Earlier in the week I was at lunch with my Italian wine loving friend, Paul. We were at a little place in our neighborhood, York Street, talking about wine and food. Tasting a few wines, more for pleasure than anything. At the table behind me an Italian wine importer is chatting up his rep. He goes off on a property in Umbria and the consultant, Riccardo Cotarella, and how all his wines are overblown and why does he make Sangiovese taste like Zinfandel and why, oh why does he make Merlot? It reminded me of someone who was nega-ranting about Alice Feiring’s book ( or her position ) on a blog somewhere. I wanted to ask them all, “So you think you have a better idea? Then present it, get it out there and see what kind of mileage you can get from your point of view.” I know Cotarella is working to break away from the way he is perceived, we’ve talked about it. It’s like an artist that gets pigeonholed for a certain style and then, bam, he can only be a cubist or a surrealist or an abstract expressionist. Or a naturalist or a pure-wine Euro-loving Cali-hating effete snob. I want to say to these angry ones, have you ever picked up the phone and called these people? Or how about an email? Why not engage them in a dialogue? Why does everything have to be High Noon in this culture?
Look, the young importer seems to have a nice portfolio and I’m sure he is repping good people who are committed to their land. But is Cotarella any less committed to his evolution because he has found a thread of success that brings a lot of people to Italian wine? Quit knocking it. It’s cursing the darkness; it’s a mobius strip that will only drive you nuts.

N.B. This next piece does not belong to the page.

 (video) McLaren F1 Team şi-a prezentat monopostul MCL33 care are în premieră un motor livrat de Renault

Right now 40% of restaurant business in the US is take out, so that means they aren’t selling wine to those customers. The restaurant business is in the tanks. I was in a restaurant last night with a friend and he gets a call from a client wanting about 20 or so bottles of wine. The fellow couldn’t have planned his business a little better? And now he expect the salesman to stop everything he is doing so he can waste time and gas on a losing proposition to deliver this poor-planner his pittance of Pinot. And then the restaurateur wonders why his business is doing so badly?
I called a Brunello producer today. The last time I called him he was in India and said he’d call me back. Well, he must have forgotten. So I called and called and called again. Finally I reached him; he was in some ex-Soviet satellite city doing a winemaker dinner. I ask him how his Brunello is going. He says to me, “everything is Ok, everything is OK, just order the wine, Parker just gave it a 91.” We've got Toscana IGT's that Sir Bob gave 90's to and they are 1/3 the price of Brunello. And they're sitting in warehouses, moving slowly. So, how about instead, Parker giving me a gas card, something I can use?

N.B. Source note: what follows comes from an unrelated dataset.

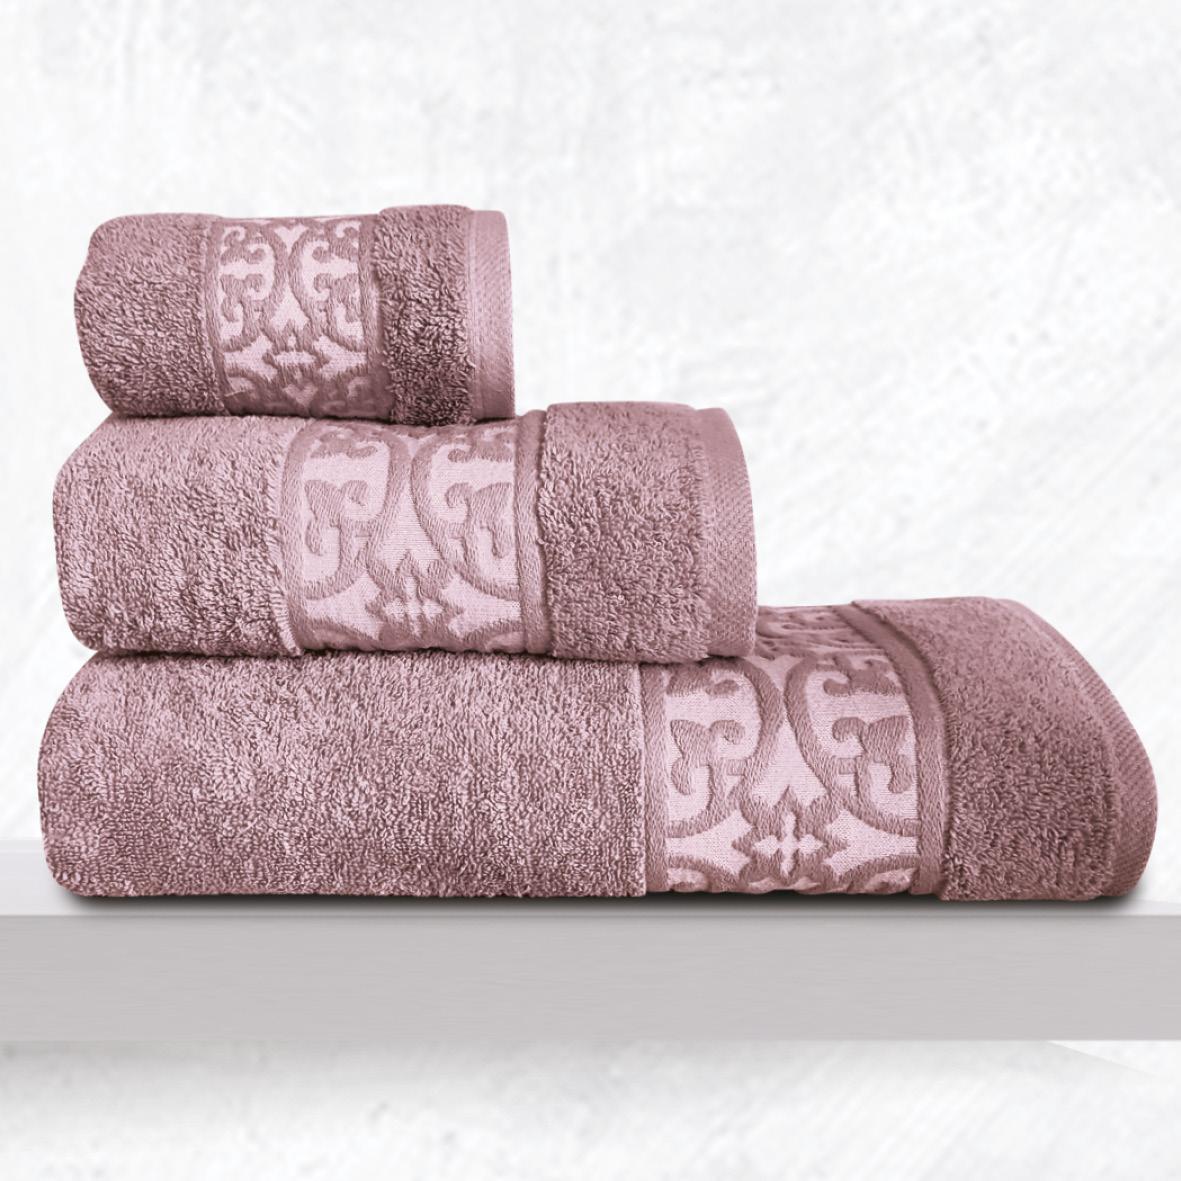 Πετσέτες Μπάνιου (Σετ 3 Τμχ) Sb Home Zenith Violet

I told him I wanted to know how his certification is going. I guess he is too busy spending time to develop the emerging economies to backtrack to the American circus. Just let Parker rate it and everything will be OK? NO-K.
That same leg that the foot dangles from got shot by its owner, on account of we too, like the winemakers in Tuscany, and people all over the world, are still working this being human thing out. We are still trying to find our somewhereness on this blue orb. Do you or don’t you wanna dance?